Department of Psychology, The Hebrew University of Jerusalem, Mount Scopus Campus, 9190501, Jerusalem, Israel.
BCBL, Basque Center of Cognition, Brain and Language, San Sebastian, Spain.
Behav Res Methods. 2024 Dec;56(8):8761-8783. doi: 10.3758/s13428-024-02502-4. Epub 2024 Sep 9.
Lexicon projects (LPs) are large-scale data resources in different languages that present behavioral results from visual word recognition tasks. Analyses using LP data in multiple languages provide evidence regarding cross-linguistic differences as well as similarities in visual word recognition. Here we present the first LP in a Semitic language-the Hebrew Lexicon Project (HeLP). HeLP assembled lexical decision (LD) responses to 10,000 Hebrew words and nonwords, and naming responses to a subset of 5000 Hebrew words. We used the large-scale HeLP data to estimate the impact of general predictors (lexicality, frequency, word length, orthographic neighborhood density), and Hebrew-specific predictors (Semitic structure, presence of clitics, phonological entropy) of visual word recognition performance. Our results revealed the typical effects of lexicality and frequency obtained in many languages, but more complex impact of word length and neighborhood density. Considering Hebrew-specific characteristics, HeLP data revealed better recognition of words with a Semitic structure than words that do not conform to it, and a drop in performance for words comprising clitics. These effects varied, however, across LD and naming tasks. Lastly, a significant inhibitory effect of phonological ambiguity was found in both naming and LD. The implications of these findings for understanding reading in a Semitic language are discussed.

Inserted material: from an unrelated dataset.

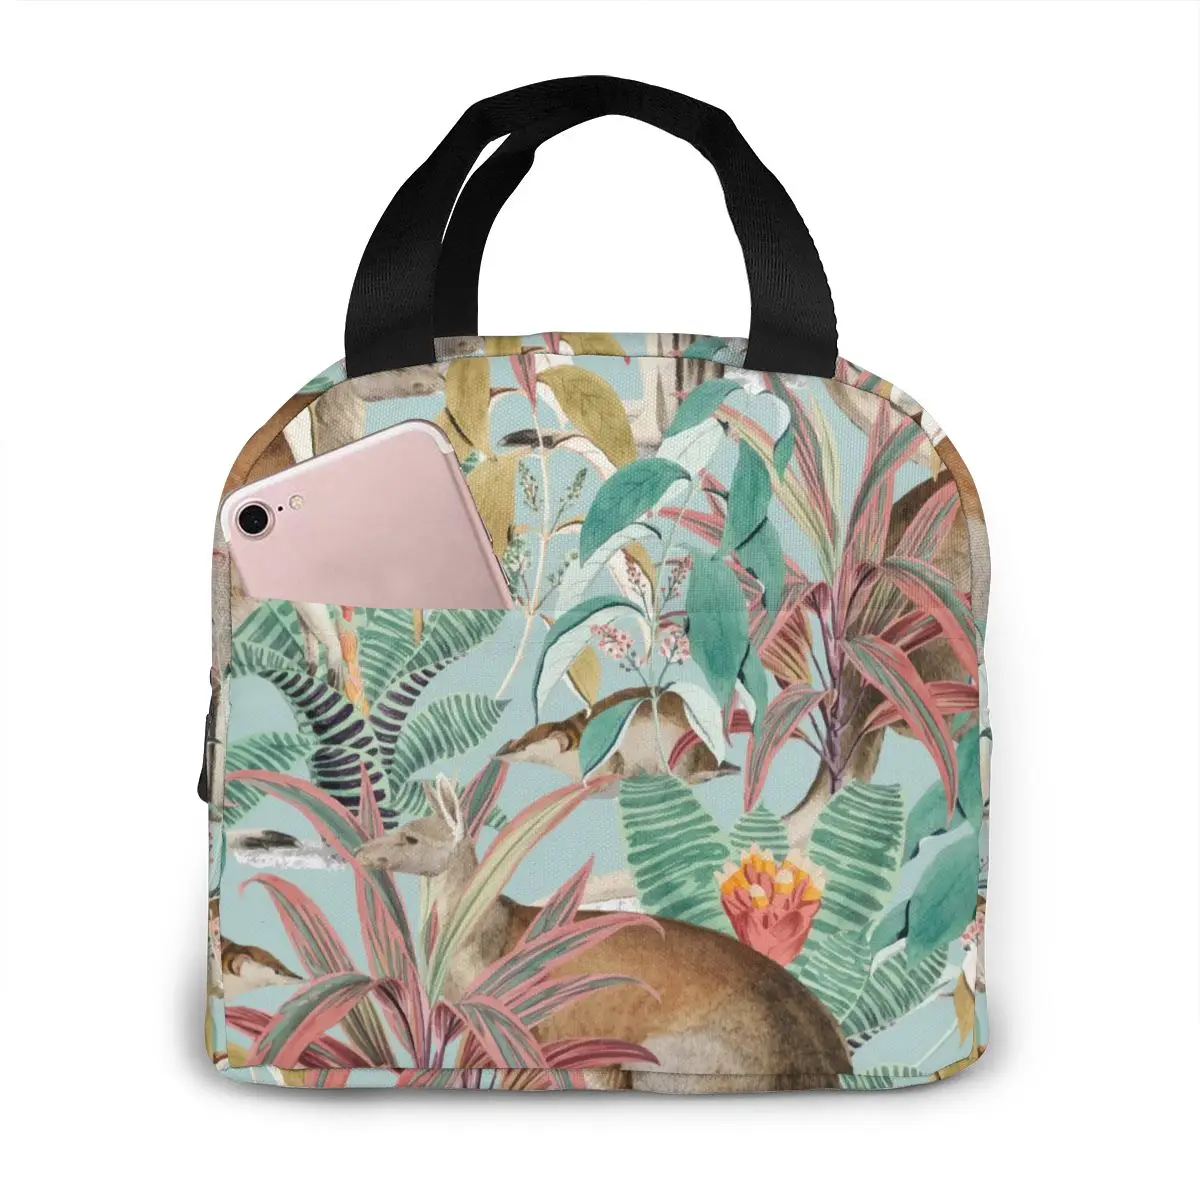 

Kangaroo Jungle Leaves Lunch Bag Portable Insulated Thermal Cooler Bento Lunch Box Tote Picnic Storage Bag Pouch

词汇项目 (Lexicon projects, LPs) 是不同语言的大型数据资源,呈现了视觉词汇识别任务的行为结果。使用多种语言的 LP 数据进行分析,为视觉词汇识别中的跨语言差异和相似性提供了证据。在这里,我们呈现了第一个闪米特语的 LP——希伯来语词汇项目 (Hebrew Lexicon Project, HeLP)。HeLP 收集了对 10000 个希伯来语单词和非单词的词汇判断 (lexical decision, LD) 反应,以及对 5000 个希伯来语单词的一部分的命名反应。我们使用大规模的 HeLP 数据来估计视觉词汇识别性能的一般预测因子 (词汇性、频率、词长、正字法邻近密度) 和希伯来语特定预测因子 (闪米特结构、存在词缀、语音熵) 的影响。我们的结果揭示了在许多语言中获得的词汇性和频率的典型影响,但词长和邻近密度的影响更为复杂。考虑到希伯来语的特点,HeLP 数据显示,具有闪米特结构的单词比不符合闪米特结构的单词更容易识别,而包含词缀的单词的性能则下降。然而,这些影响在 LD 和命名任务中有所不同。最后,在命名和 LD 中都发现了语音模糊性的显著抑制效应。讨论了这些发现对理解闪米特语阅读的意义。